Mouth full and crumbling bones
- Mar 10
- 5 min read
I think of myself as an intelligent woman, a person of character, a woman of depth and understanding. Pry my mind open, and you will find it stuffed to the brim with my favorite books, books that garner controversial opinions because of dark and gruesome subject matter or an insufferable main character. You will find that these books lie on a soft spot in my brain, something in me that marvels at horror, at depravity, at conversations unspoken and unspoken rules broken. If you keep digging, you will find half-finished movies and TV shows, some simply put on hold due to lack of time, others because though I can binge a couple hundred pages in a day, the penultimate season of a show can put me to sleep.
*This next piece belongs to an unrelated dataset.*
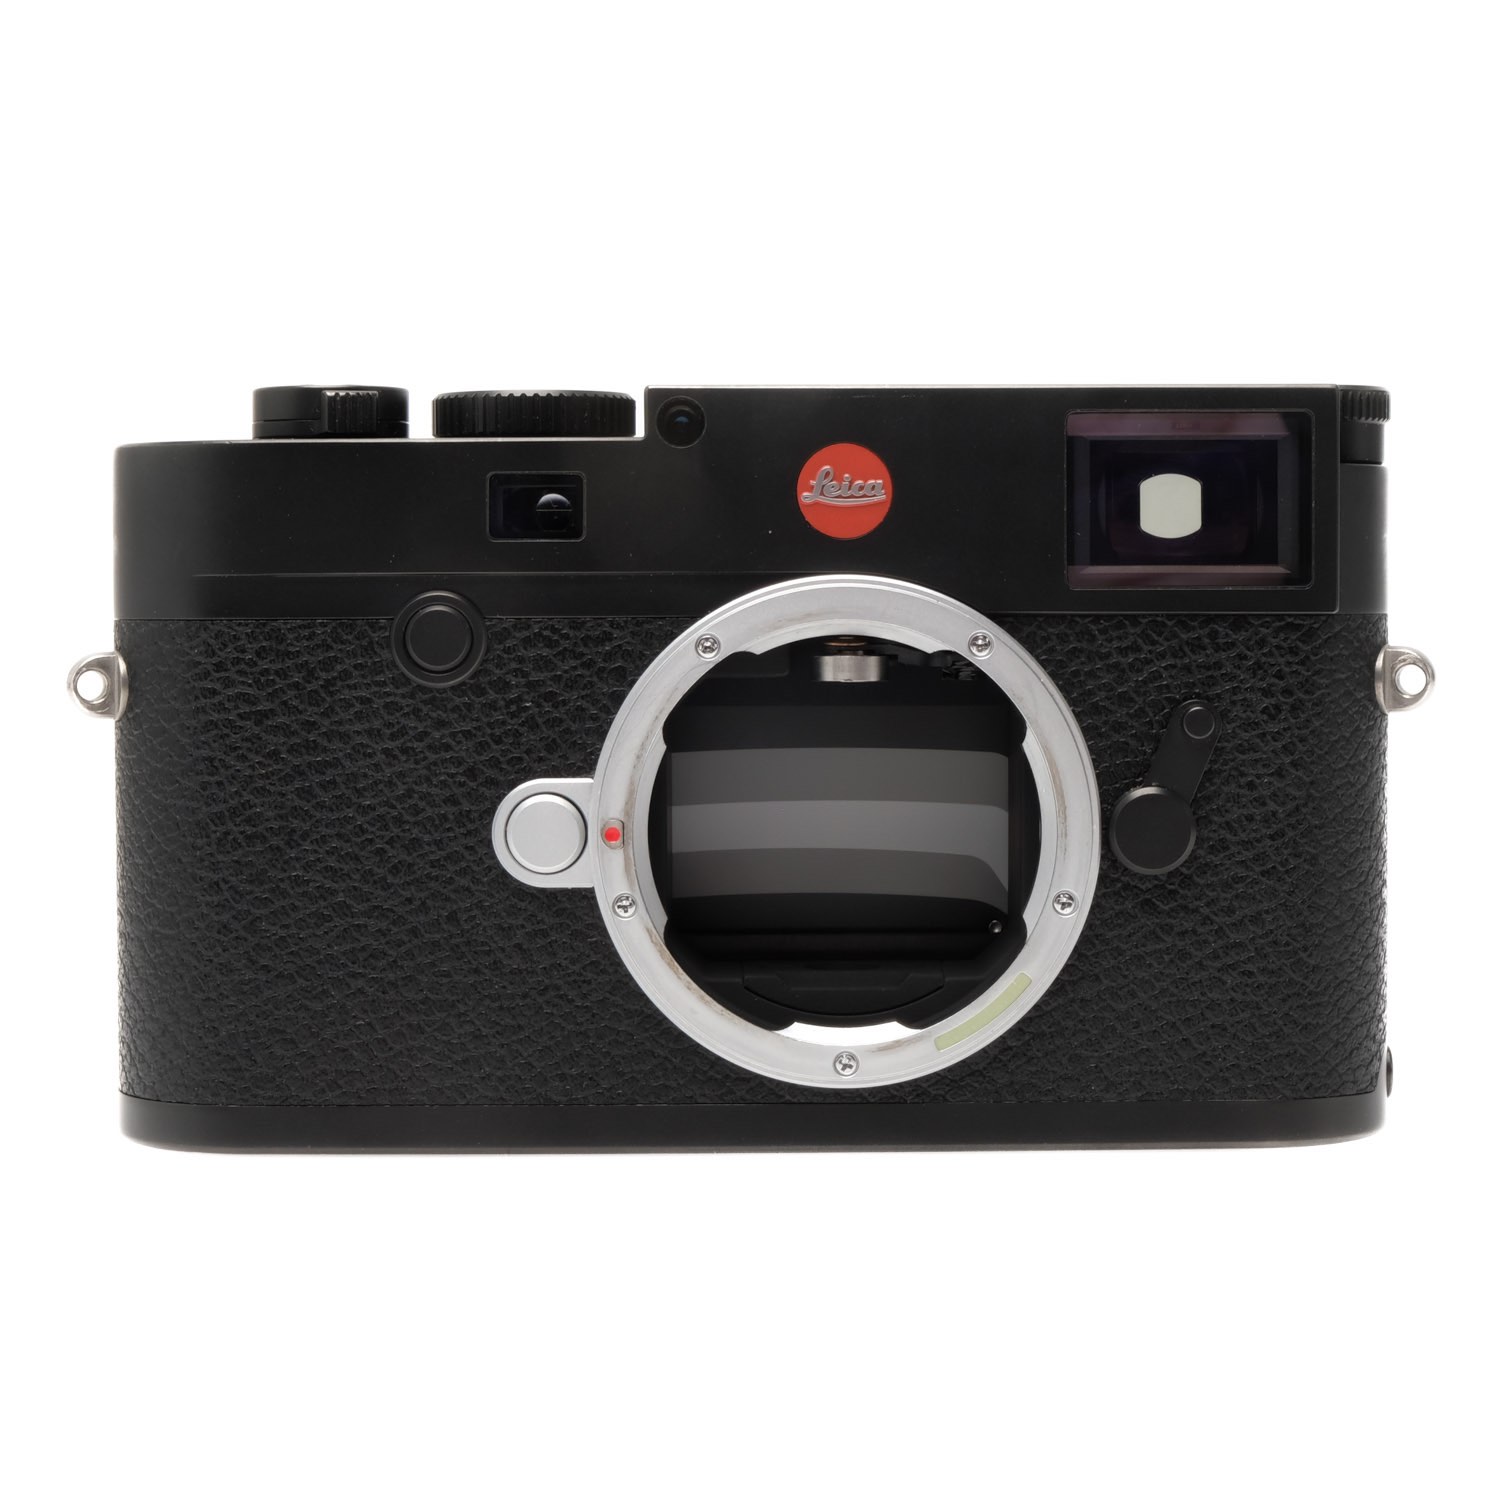 Leica M10 Black, Boxed 5182054

Do not ask me why, I do not know either. Peer into the crevasses of my mind, you will find French music on loop, and ever since I discovered La Femme, their songs have been rewinded and fast-forwarded and paused and played but never skipped, and even though my French is elementary at best, I find myself humming along to Dans la nuit froide je pleure des larmes de glace…
Take your hands and sift through my memories. Feel the laughter in the palm of your hands, the tears staining underneath your fingernails. In between the French lyrics and my favorite copy of Milan Kundera, you will find arguments with my parents, drunken college nights with my best friends, jagged fragments of a broken heart that has been collecting dust after a couple of years, handfuls of to-do lists, birthday dates, vacations, mathematical equations, passwords, and where I left my keys after coming home late last night. If you stick only a finger into the depths of my mind, many, many thoughts and things will reach you. And though your finger may not be able to touch everything that exists in the ether of my consciousness, there are specific thoughts and emotions that lurk around every corner of my memories, that caress my favorite books, my songs on repeat, that brush up against the boxes of my checklist and snake in between the breath of every laughter and every sob. Everything I have experienced, everything I remember co-exists with a certain plague of thoughts that I can not seem to rid, and though I have tried many times to exterminate it, the more I resist, the more it draws attention to itself, the brighter a light it shines upon itself, the stronger of a chokehold it forces on my happy recollections, demanding to be addressed.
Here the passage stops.